Former Massachusetts Gov. Mitt Romney scored a commanding win in Florida Tuesday, but you’d never know it by listening to Newt Gingrich’s post-primary speech. The former House Speaker declined to congratulate Romney on his win, vowing to continue what has become a scorched earth campaign for the Republican nomination.
“We are going to contest every place and we are going to win,” Gingrich said Tuesday in front of a crowd of supporters holding signs that read “46 states left.”
Romney won 46 percent of the vote Tuesday to Gingrich’s 32 percent—a result the former Speaker said makes clear “this will now be a two person race between conservative leader Newt Gingrich and the Massachusetts moderate Mitt Romney.”
It followed a nasty week on the campaign trail in Florida, which saw a final blitz of negative ads ahead of Tuesday’s vote. In the week before the primary, a full 92 percent of ads run in the state were negative, according to an analysis by Kantar’s CMAG. The vast majority of those ads were aimed at the former Speaker.
With Gingrich, former Sen. Rick Santorum and Texas Rep. Ron Paul all vowing to remain in the race, expect more of the same going forward. One GOP strategist warned subsequent contests will start “a vicious cycle of negativity” even as Romney tries to pivot to general election mode and preach Republican unity.
“In some ways they both went to the brink in Florida,” Republican strategist Fred Davis says of the fight between Romney and Gingrich. “The difference is that [Romney’s] brink isn’t as close to hell and damnation as Newt’s is.”

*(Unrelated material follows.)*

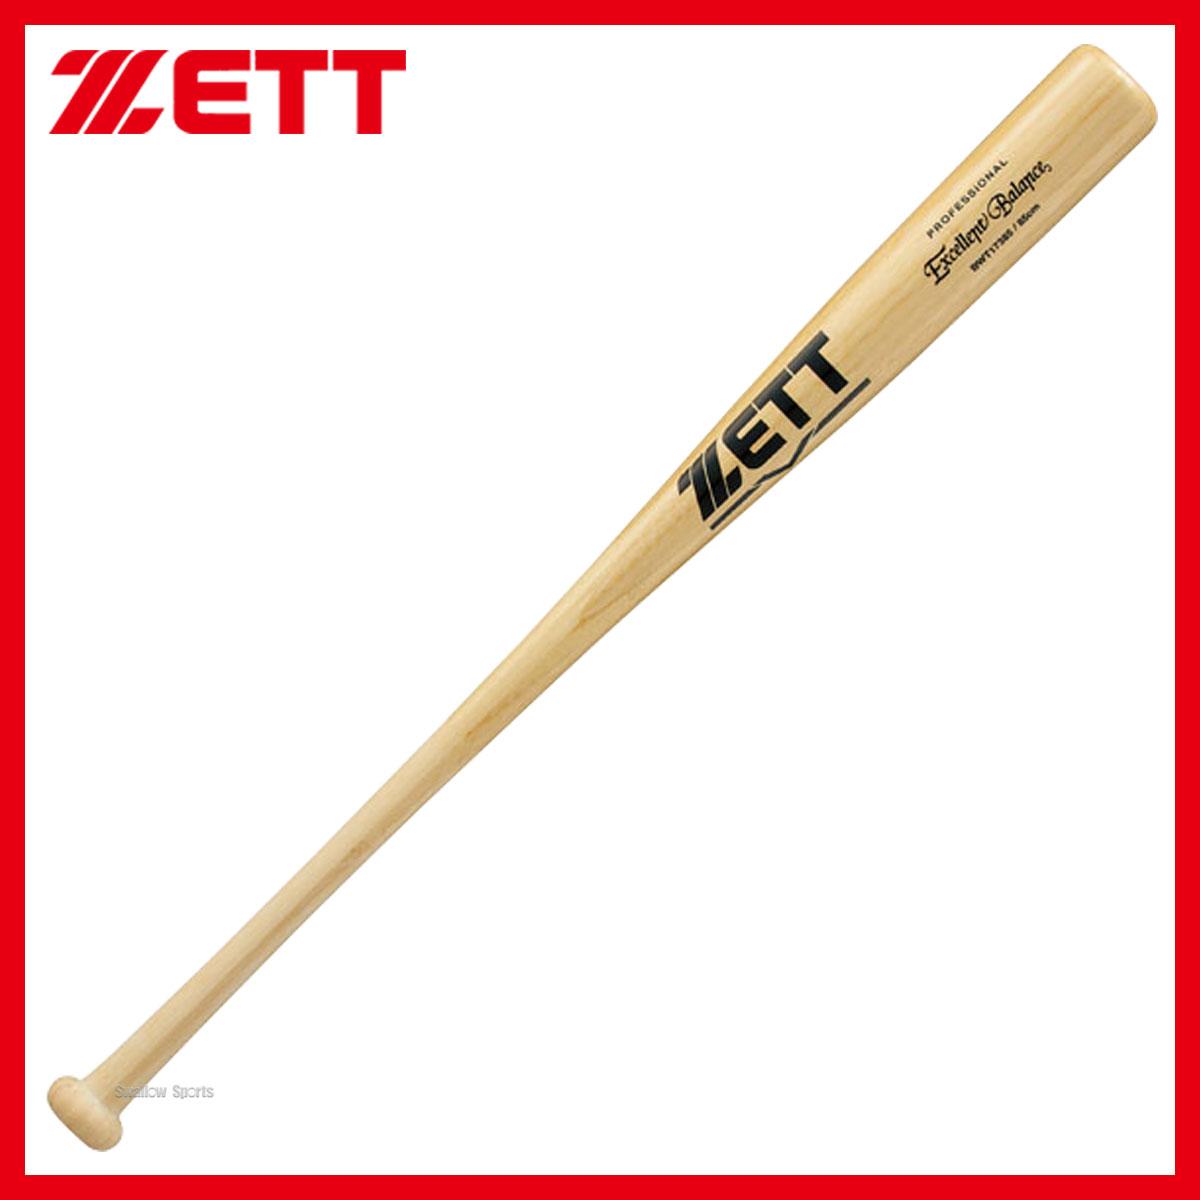 【あす楽対応】 ゼット ZETT 硬式木製バット トレーニングバット 竹バット エクセレントバランス BWT17385 バット 硬式用 木製バット ZETT 夏季大会 合宿 野球部 野球用品 スワロースポーツ 入学祝い
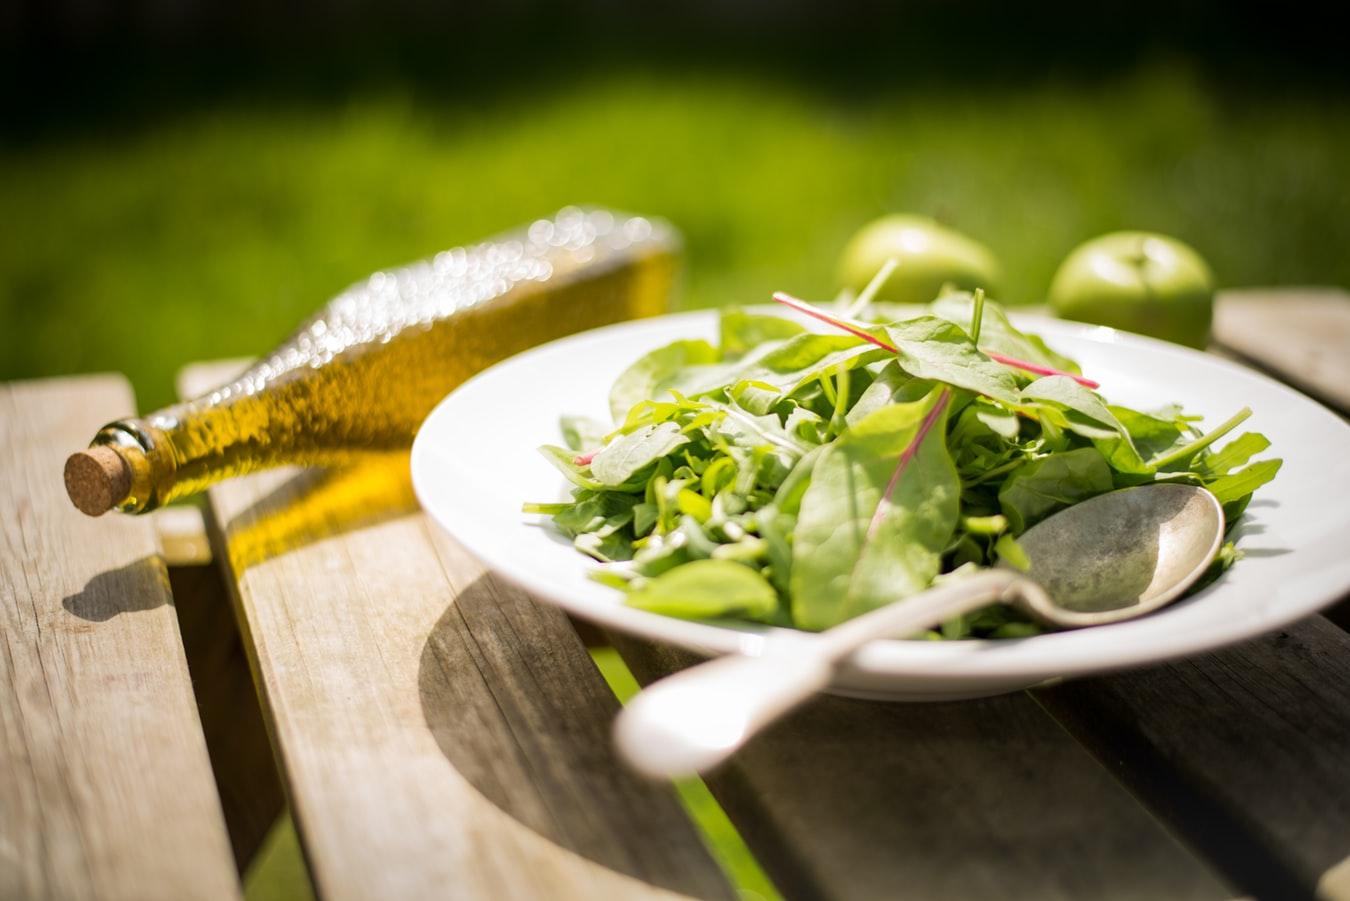 百搭好油非苦茶油莫屬!因為耐高溫、發煙點高,油脂不容易產生過氧化物質,可以避免對健康造成的負擔,因此,煎、炒、煮、炸、拌都很適合,例如:用苦茶油炒青菜、拌麵…等。

Davis, who produced ads for a pro-Jon Huntsman Super PAC this cycle, called Gingrich’s last-minute Florida efforts “sad.” Specifically, he targeted a late robocall from the Gingrich camp that accused Romney of denying Holocaust survivors kosher meals when he was governor of Massachusetts.
Says Davis: “I’m afraid poor Newt has just dissolved into desperation mode.”